Tuesday, December 20, 2005

For the last time: I hate celery!

On NPR this morning (liberal media alert!) I was listening to yet another story about some school district trying to put intelligent design on the same footing as evolution.

Here's what I don't get: I understand the need for debate and discussion, but do we really need to do this over and over again, to the ridiculous extreme of getting the courts involved?

Steven Jay Gould (dead thinker extraordinaire) had a great idea, which he used many of his wonderfully-readable essays and books to promote: let religion have its domain, and science its domain.

In all matters of faith and morals, where the details can not be assessed in a critical, scientific fashion, let religion have control; this includes the existence of God, how to be a good person, and how many times you have to count those beads or blow those horns to get your specific deity to forgive you.

Anything that can be checked, verified, and confirmed or refuted by the scientific method should be left to science; this includes the size and flatness of the earth, the ordering of the solar system, and -- oh yeah! -- biology.

Evolution is a verifiable fact -- so that's science. Intelligent design is a great idea in many ways, but you can't prove whether God exists, so if you want to say that some cosmic clockmaker set the works in motion that's fine, but it's religion.

What happens when religion tries to butt into scientific affairs? They could claim that the Earth is at the center of the universe, and then be proven wrong. For example.
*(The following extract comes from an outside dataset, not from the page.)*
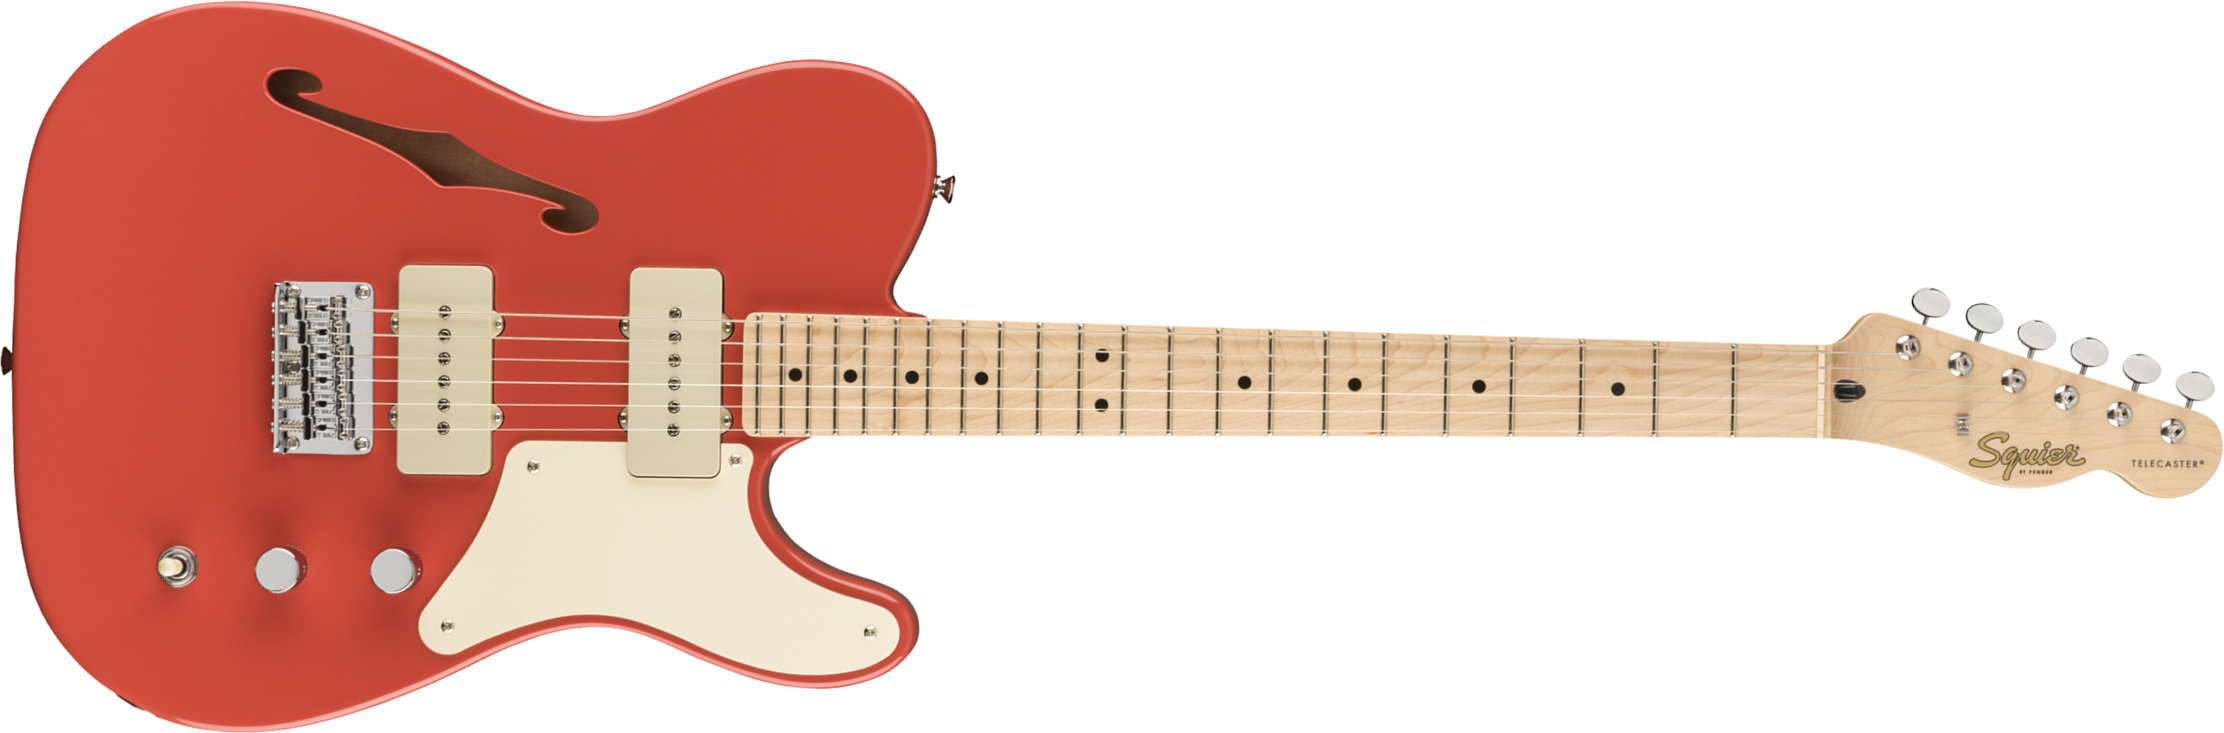 Squier Tele Thinline Cabronita Paranormal Ss Ht Mn - Fiesta Red - Guitare Électrique 1/2 Caisse - Main picture

What happens when science butts into religion's territory? They could claim that there's no scientific basis for moral behavior other than when it's advantageous to your survival, so if it won't affect your survival there's no need to be moral. Yuck.

The state-run schools can not promote one religion's views over any other, and should not teach religious ideas in place or even next to scientific fact. So let's just stop the arguing and do the right thing: keep science in our schools, keep religion in our houses of worship, and stop wasting everyone's time talking about it over and over again.

God bless.

2 comments:

theBhc said...

Hi misanthrope,

I had quite a discussion about this issue, one that personally drives me nuts, over at my other outlet. Check out this, though it is longish:

Teaching or Preaching?

And a follow up piece to the last two lengthy comments, which I put fron and center and then added my own.

cheers.

stc said...

Well said, B2. I'm a theist, but I also believe in evolution. I guess you've described the way I organize my own convictions.

It's a bit compartmentalized, I admit, arguably even inconsistent at certain points. But "a foolish consistency is the hobgoblin of little minds" (Ralph Waldo Emerson).